Blanca y radiante, así la quería
ver. Como cantaba Antonio Prieto en aquel disco que mi madre ponía en el
combinado una y otra vez hasta cansarse. Blanca y radiante, y yo la esperaría
en el altar como soñé siempre desde que la conocí en un recreo en el patio de
la escuela. El eucaliptus inmortalizó nuestros nombres en un corazón tallado
con la punta de un compás.
Blanca y radiante la vería entrar
para esperarla en el altar en su interminable caminata del brazo de su padre,
que nunca me quiso, que siempre se opuso al noviazgo porque yo no era un
muchacho para ella.
Todo era felicidad entre nosotros.
Habíamos puesto fecha de casamiento después de confirmar mi ascenso y mis
nuevos ingresos en la fábrica. Discutíamos como cualquier pareja por cosas sin
importancia pero sabiendo cómo nos amábamos y yo, recordando el disco que marcó
mi infancia, le cantaba a mi madre Blanca y radiante.
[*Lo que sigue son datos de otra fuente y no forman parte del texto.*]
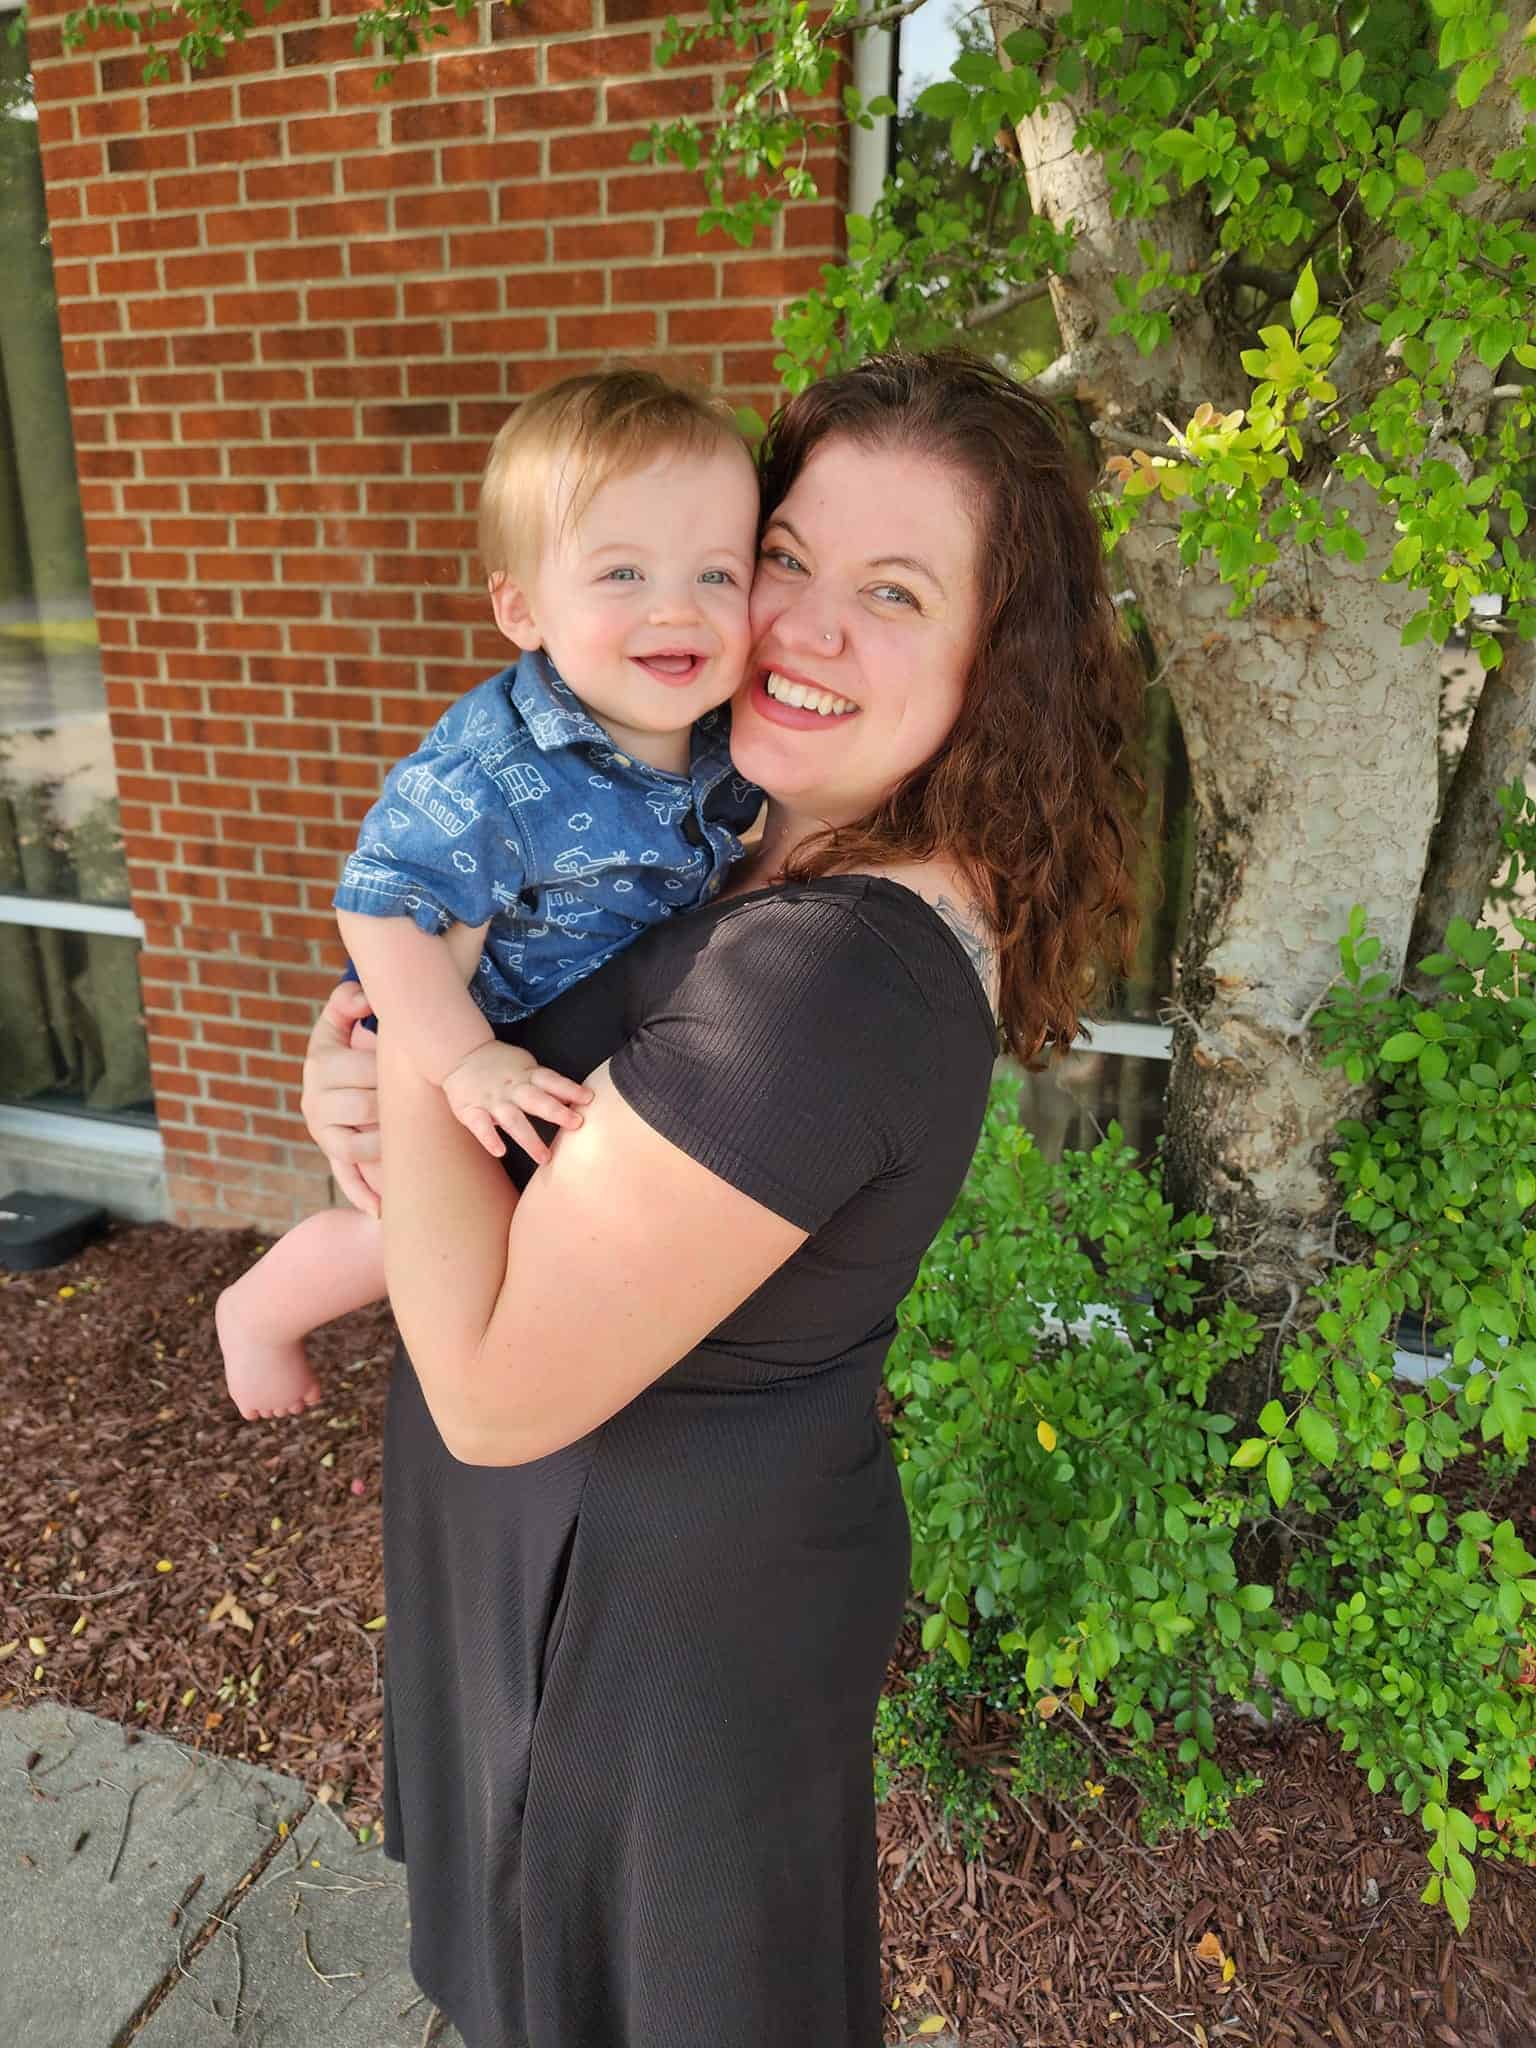 A Raleigh mom blogger shares a sunny embrace with her cheerful toddler, both radiating happiness in a casual outdoor setting with green foliage and a brick backdrop, epitomizing the warmth and joy of family life in Raleigh

Blanca y radiante pero no así la
imaginé. La mortaja solo permite ver su rostro y las manos cruzadas sobre el
pecho. Tiene en su mano derecha el cintillo que le regalé cuando nos
comprometimos. Parece que durmiera. Me incliné varias veces para tocar su frente.
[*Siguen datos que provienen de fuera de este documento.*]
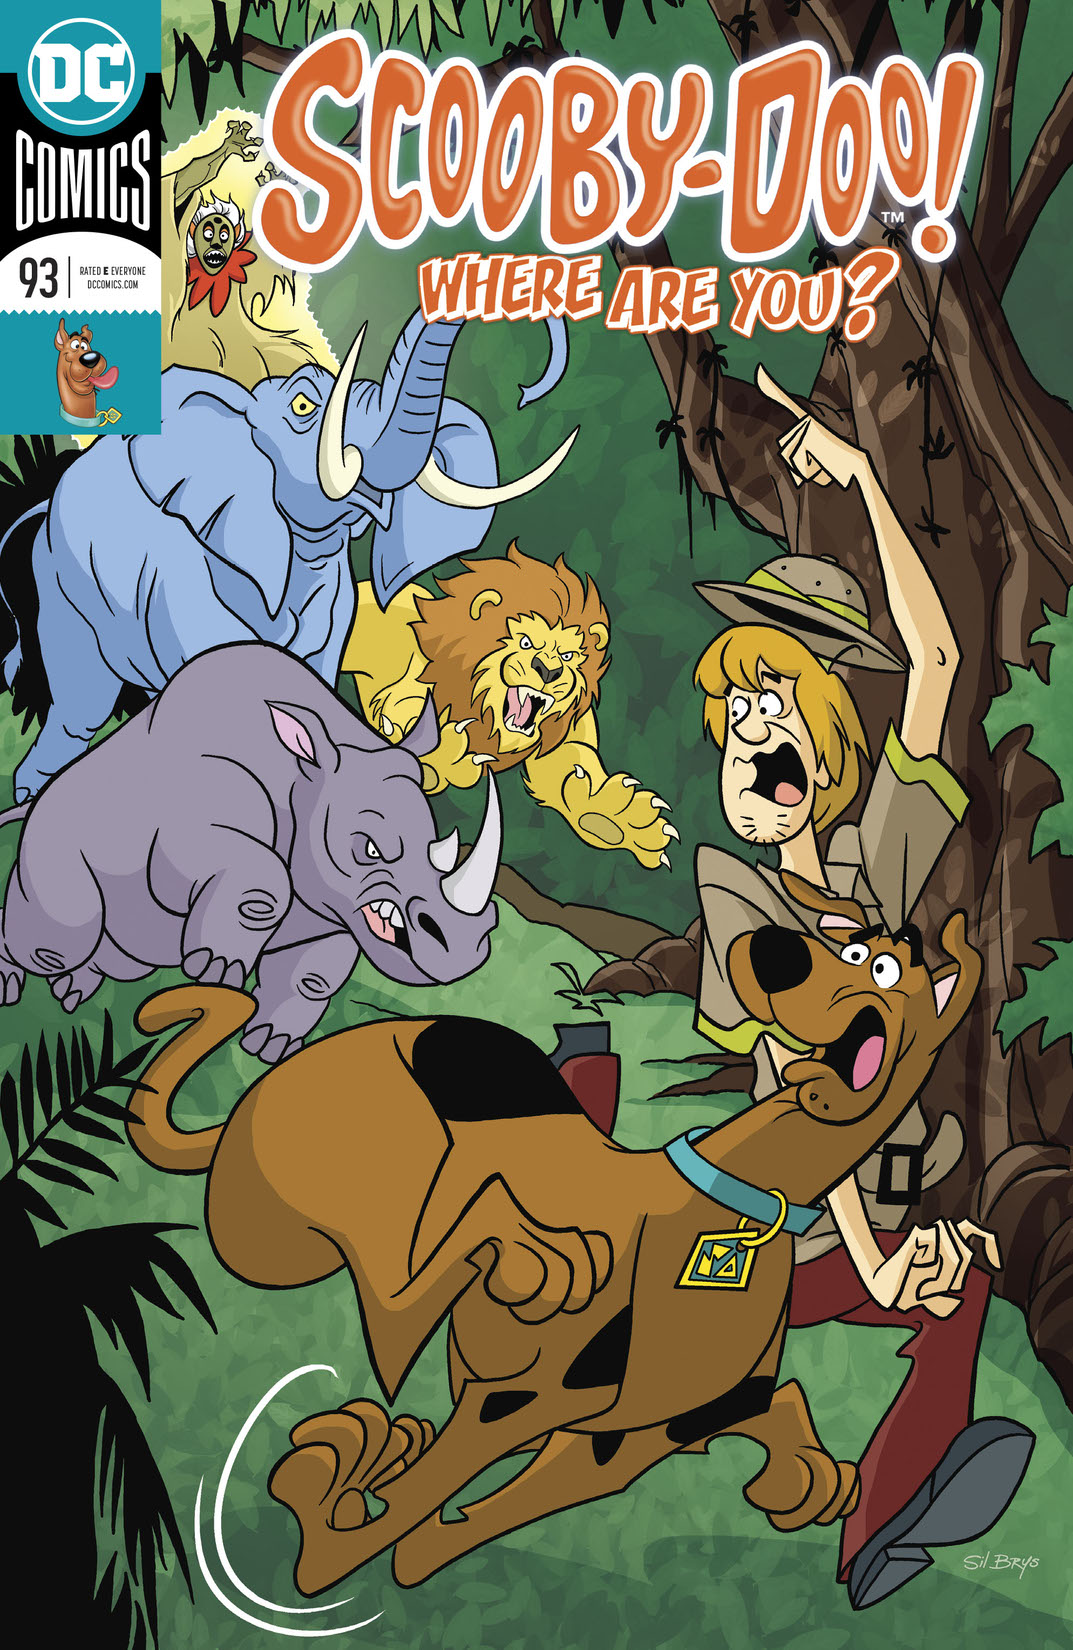 Scooby-Doo, Where Are You? #93 preview images

Esa noche la esperé a media cuadra de su casa. Se bajó de un auto que no conocía y cuando me acerqué me pareció que se besaron. Cuando el auto se marchó su sorpresa y palidez al verme confirmaron mis sospechas. No discutimos pero se quiso ir sin hablar y yo la tomé de la mano en el cuarto escalón de la entrada. La caída de espaldas fue un segundo y al inclinarme vi sus ojos abiertos y que no respiraba. Fue un golpe seco. No tuve la intención de lastimarla. Antes de hacerlo me cortaba un brazo. Corrí y lloré como un niño sin consuelo. La encontraron al día siguiente y dijeron, como yo, que había sido un accidente.